*** Begin section ***

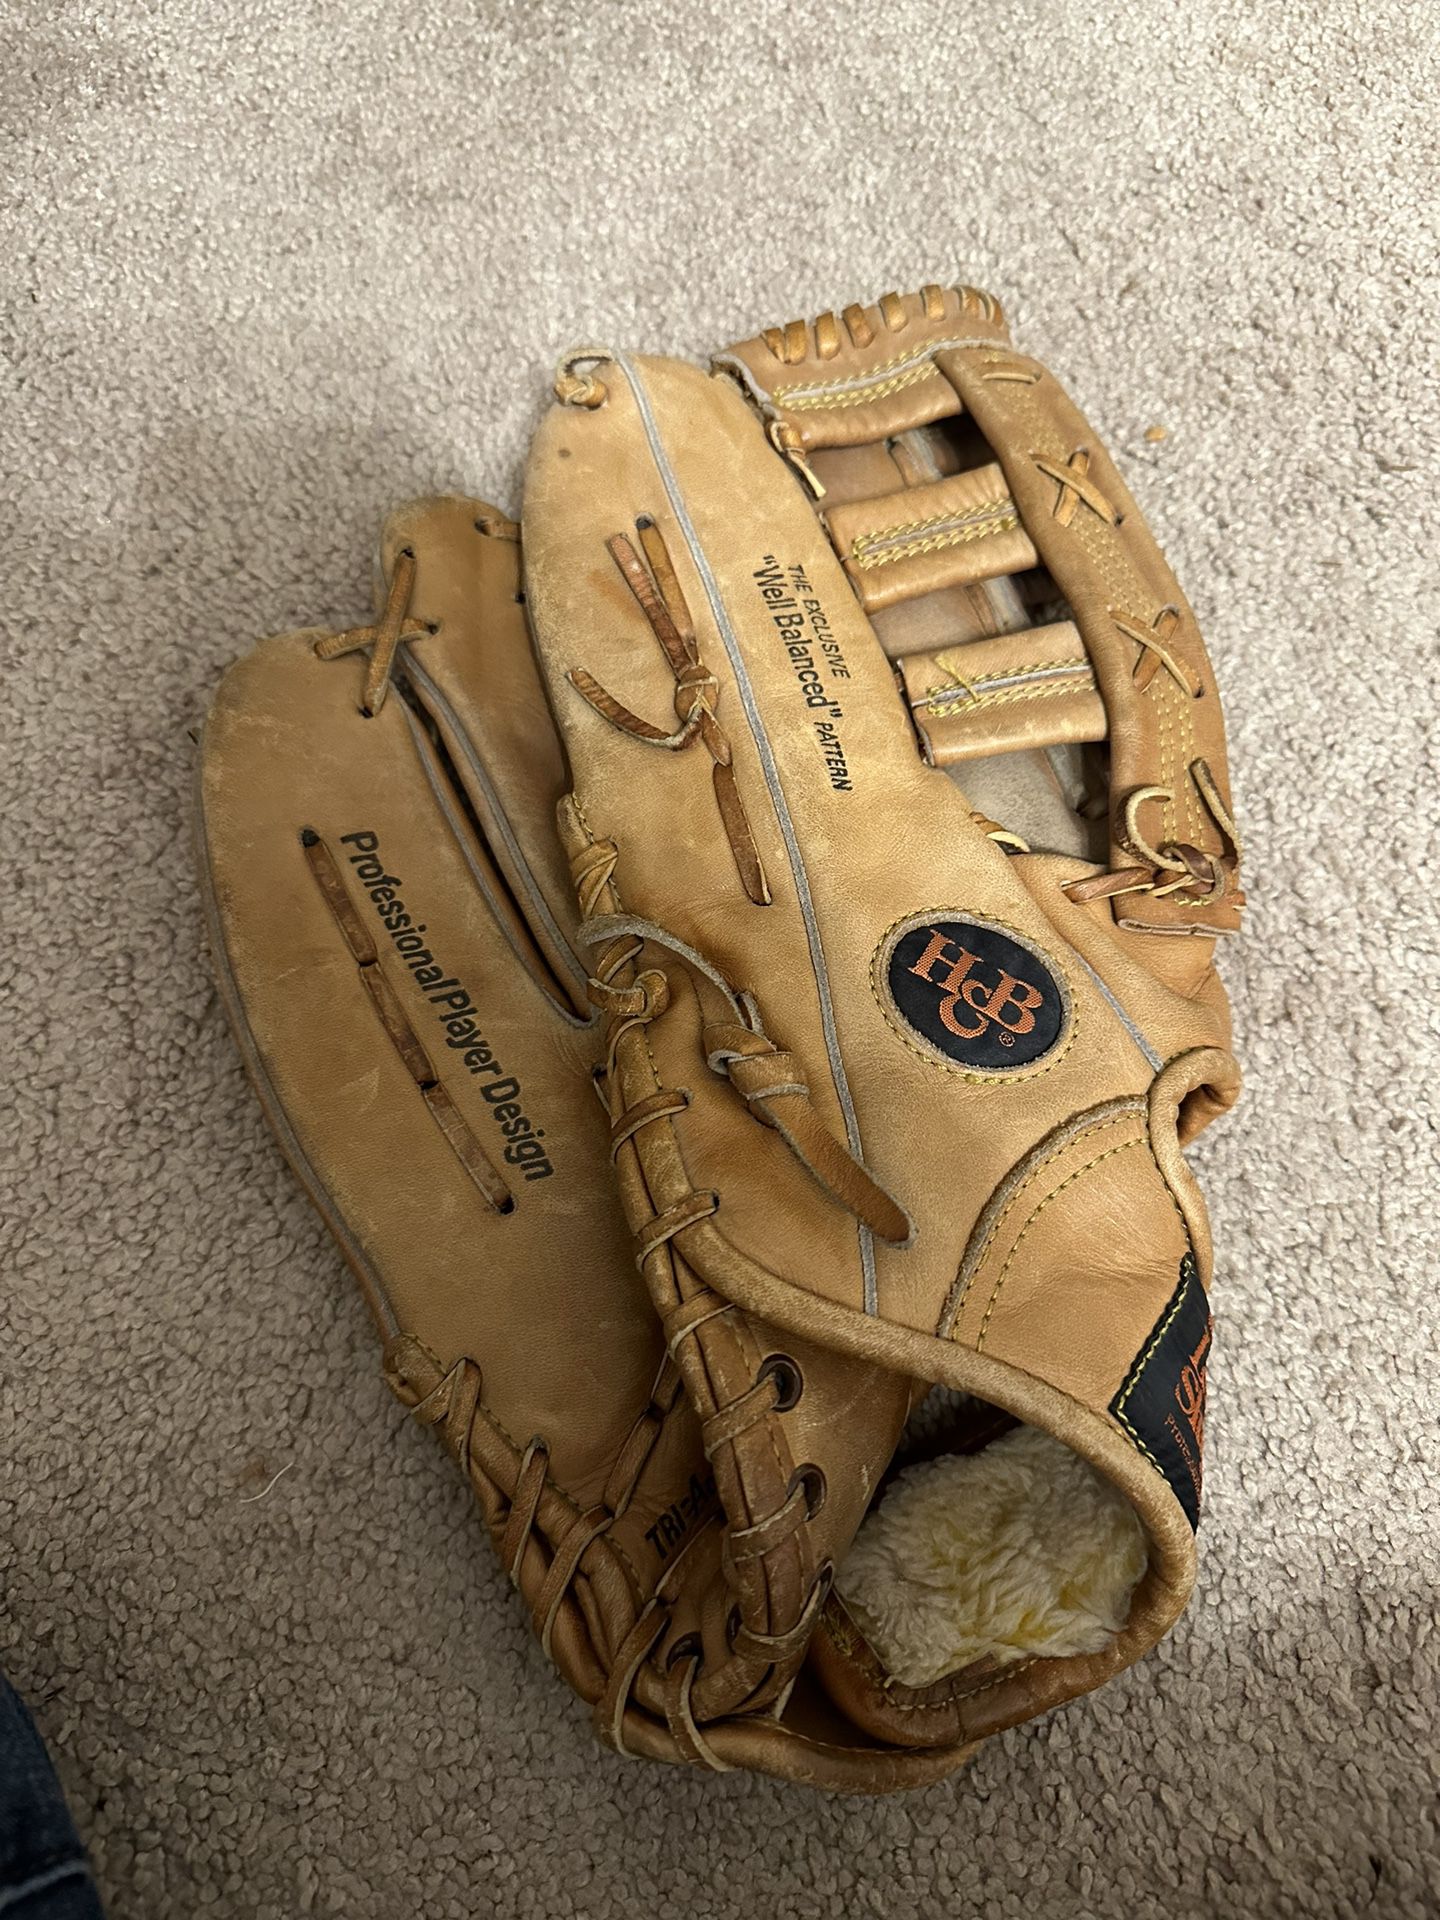 Baseball Or softball Mitt / glove
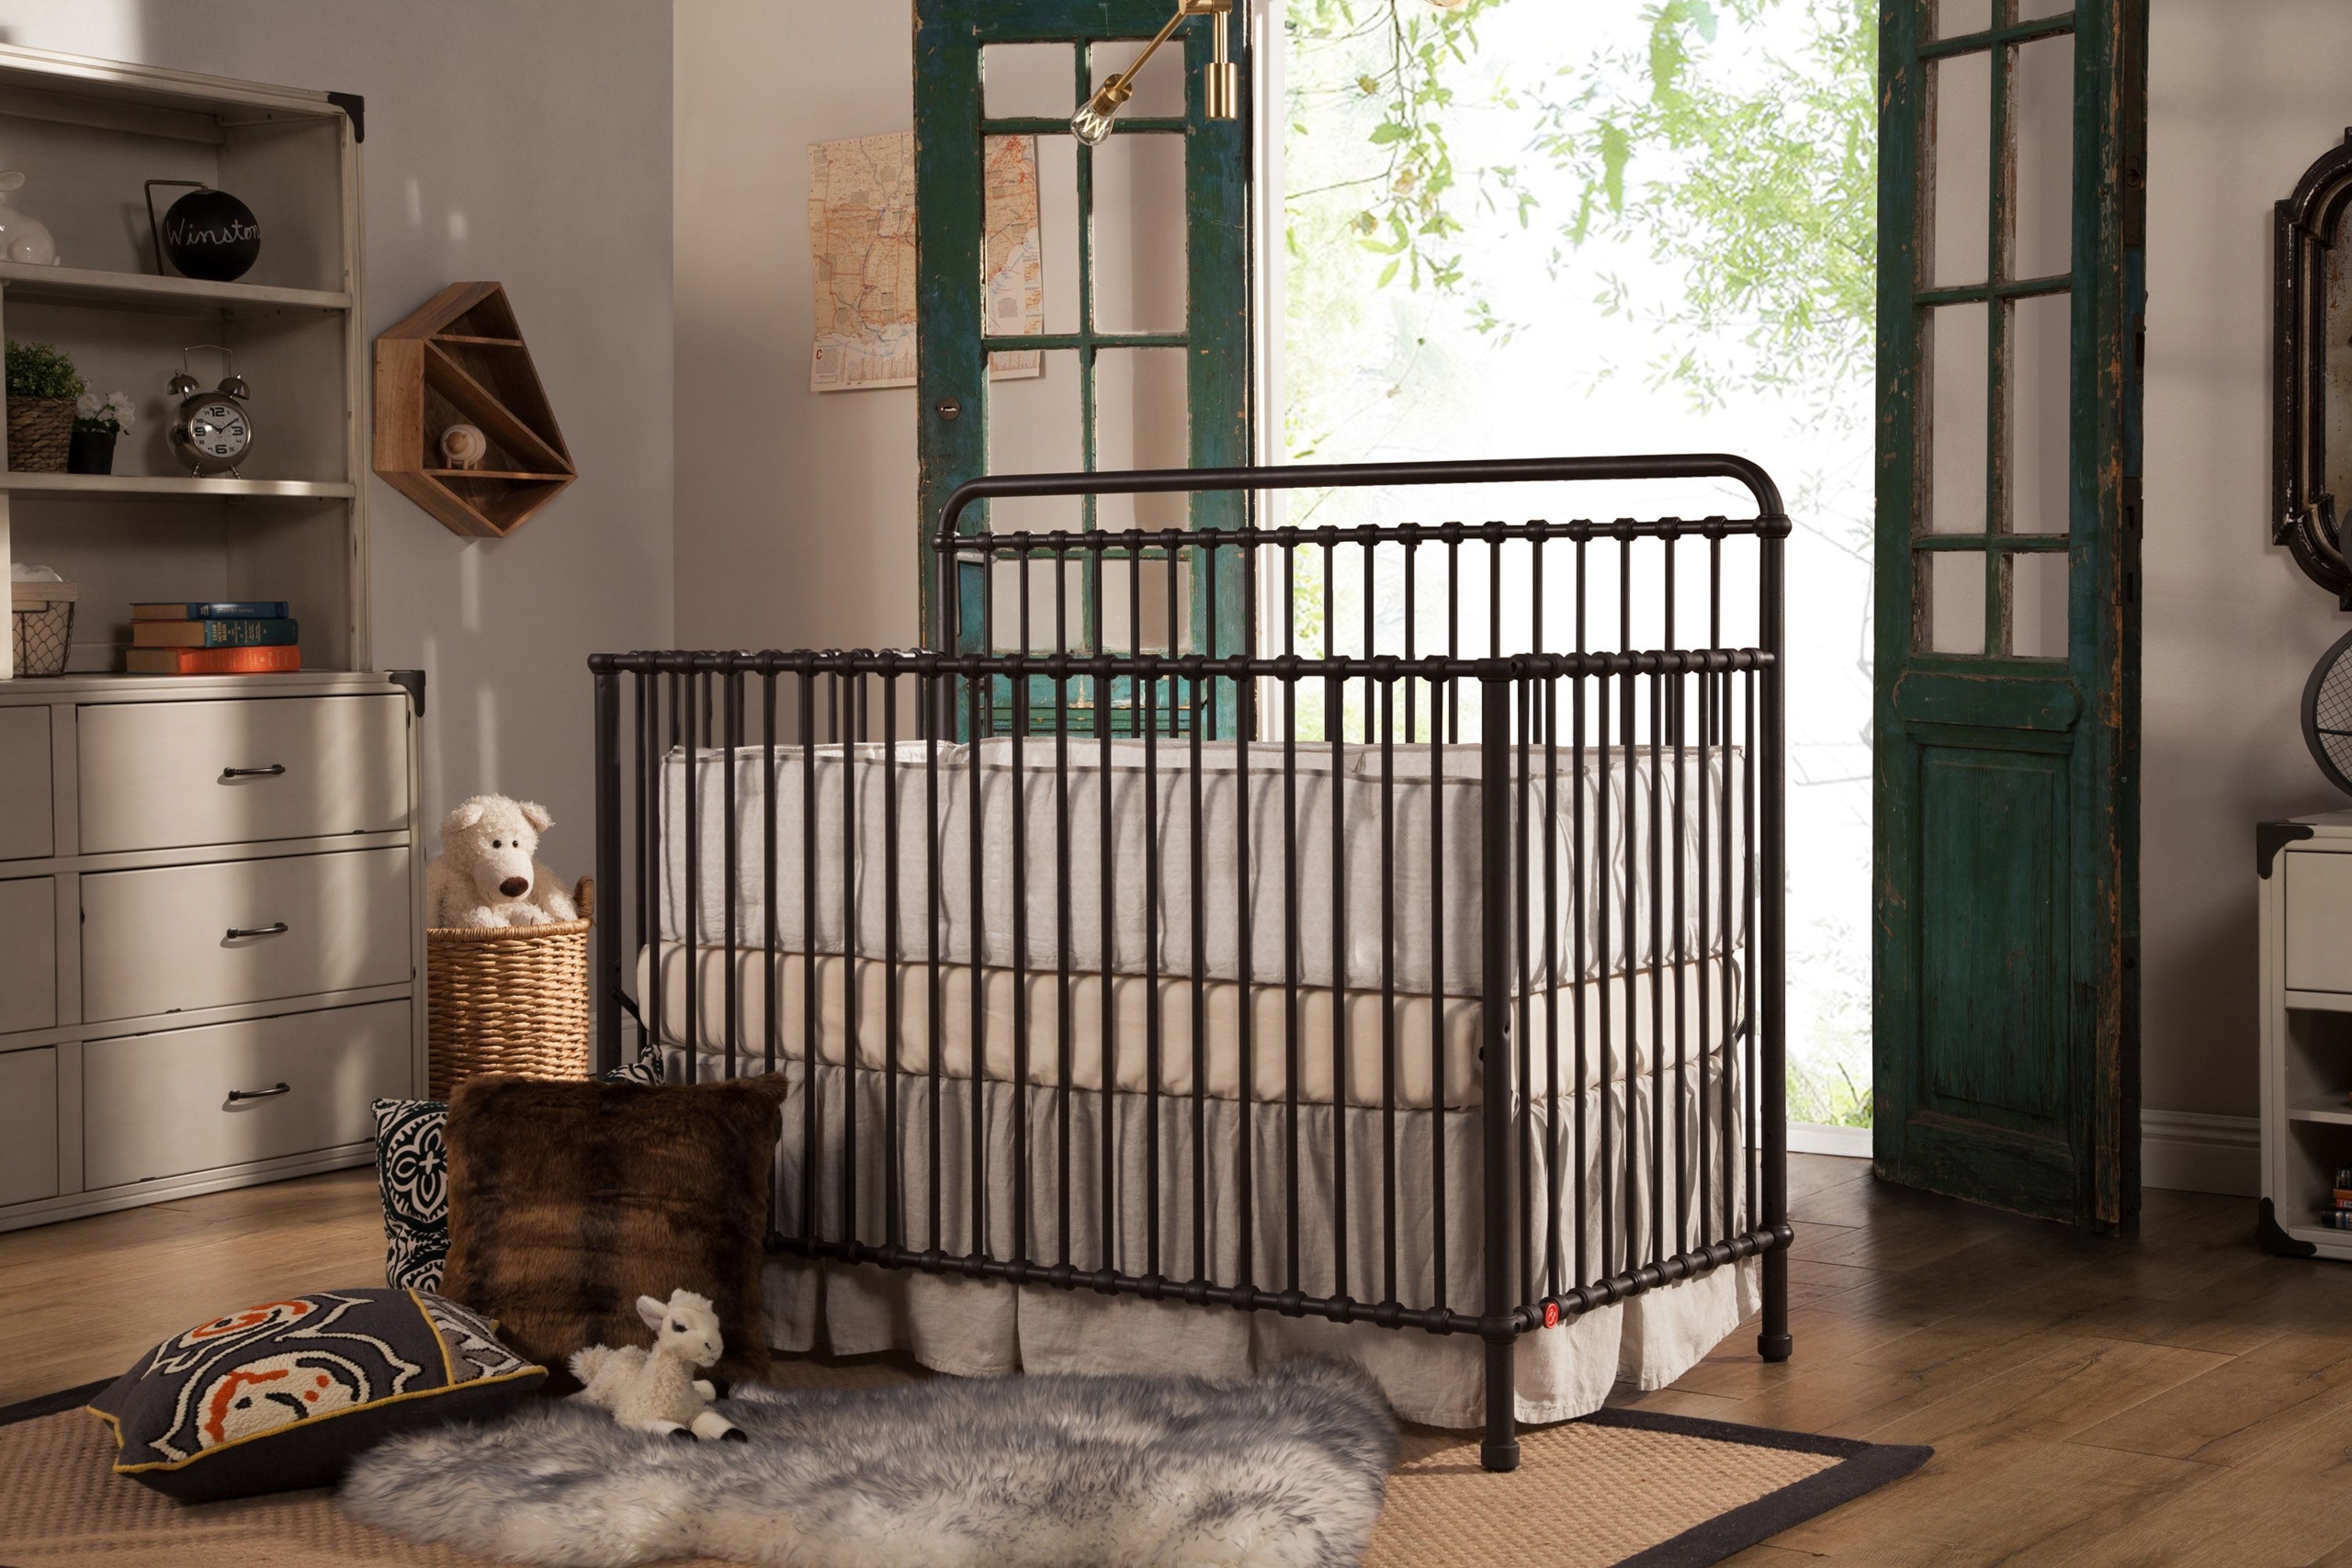 vintage style baby crib
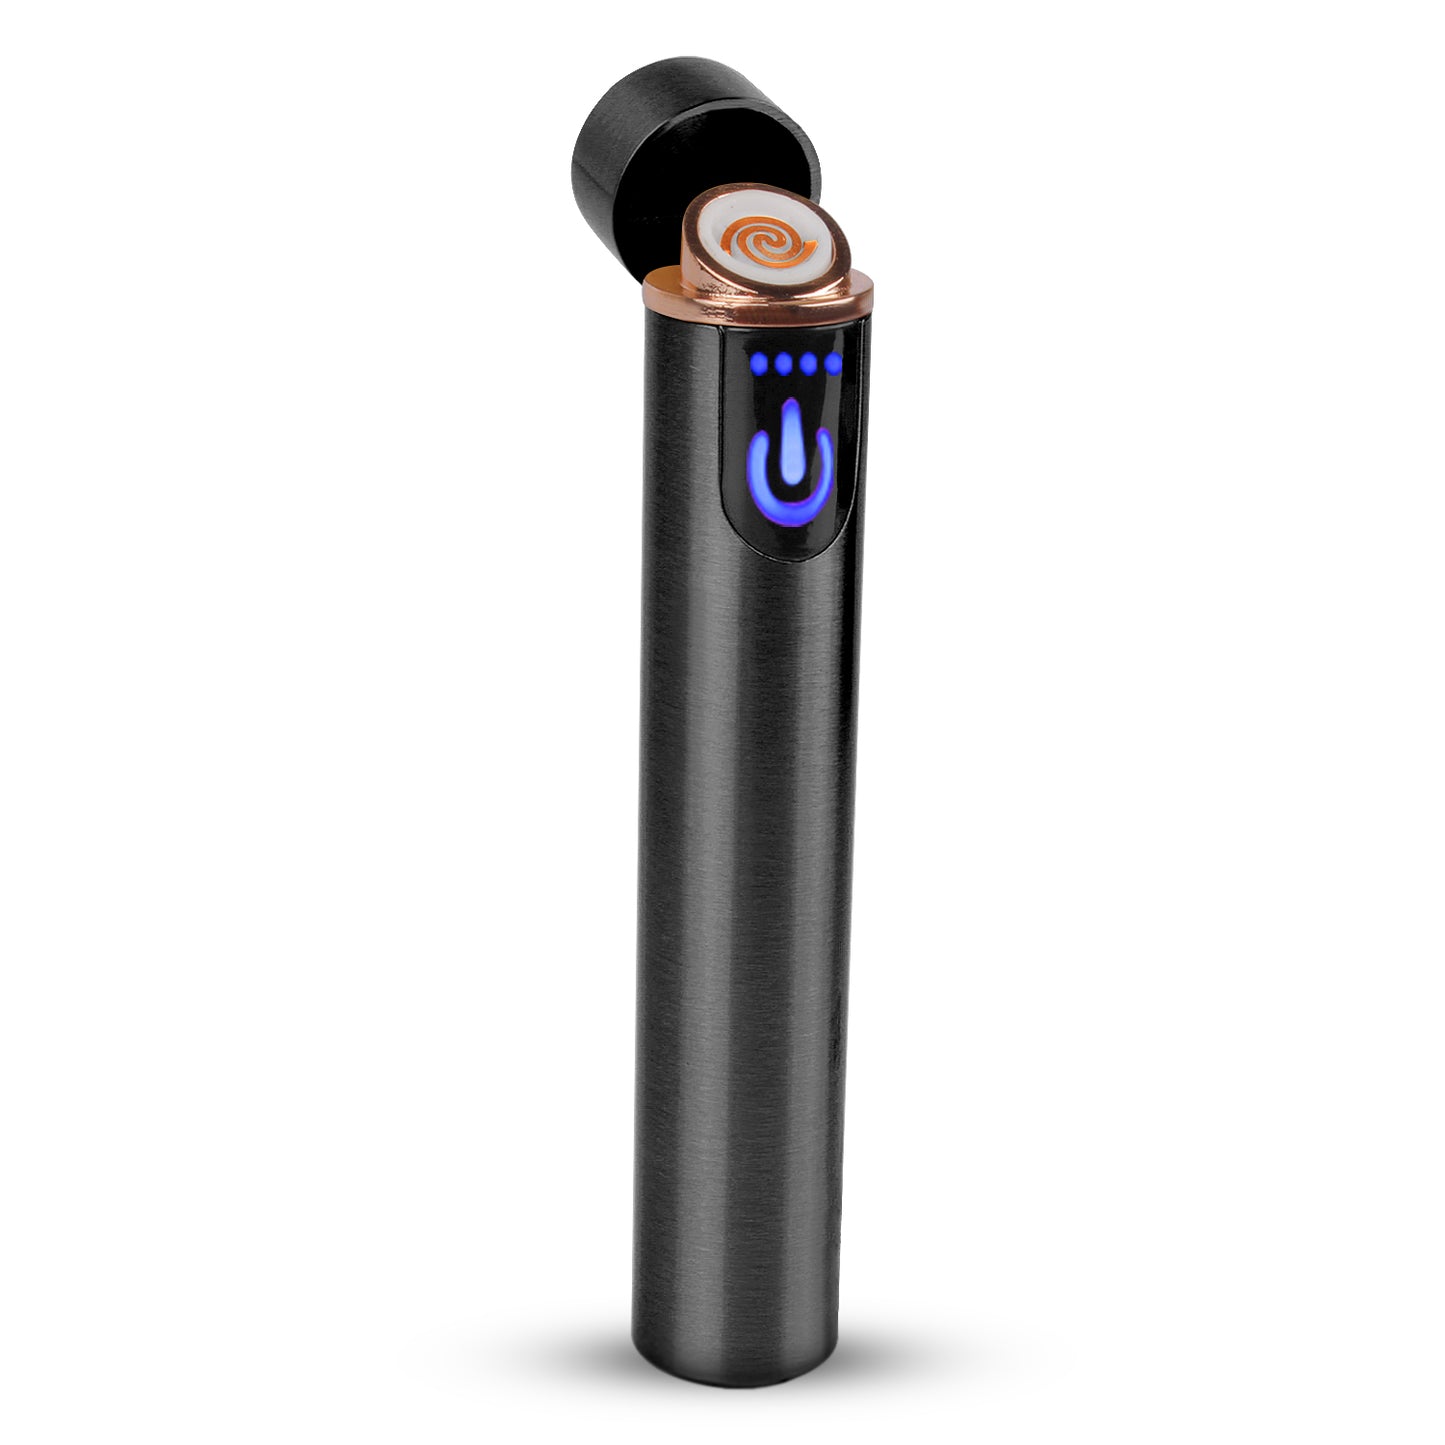 WRADER USB Rechargeable Flameless Cigarette Lighter with On/Off Touch Sensor Plasma Lighter Non Gas Refillable Lighter Windproof Lighter Sleek Cigarette Lighter  (Black)

*** End section ***

§ Task to carry out:
Give back, exactly and with nothing added, the lines from the line with "vintage style baby crib" through the final line of the data, both included; leave pictures out.

§ Task answer:
 vintage style baby crib
 WRADER USB Rechargeable Flameless Cigarette Lighter with On/Off Touch Sensor Plasma Lighter Non Gas Refillable Lighter Windproof Lighter Sleek Cigarette Lighter  (Black)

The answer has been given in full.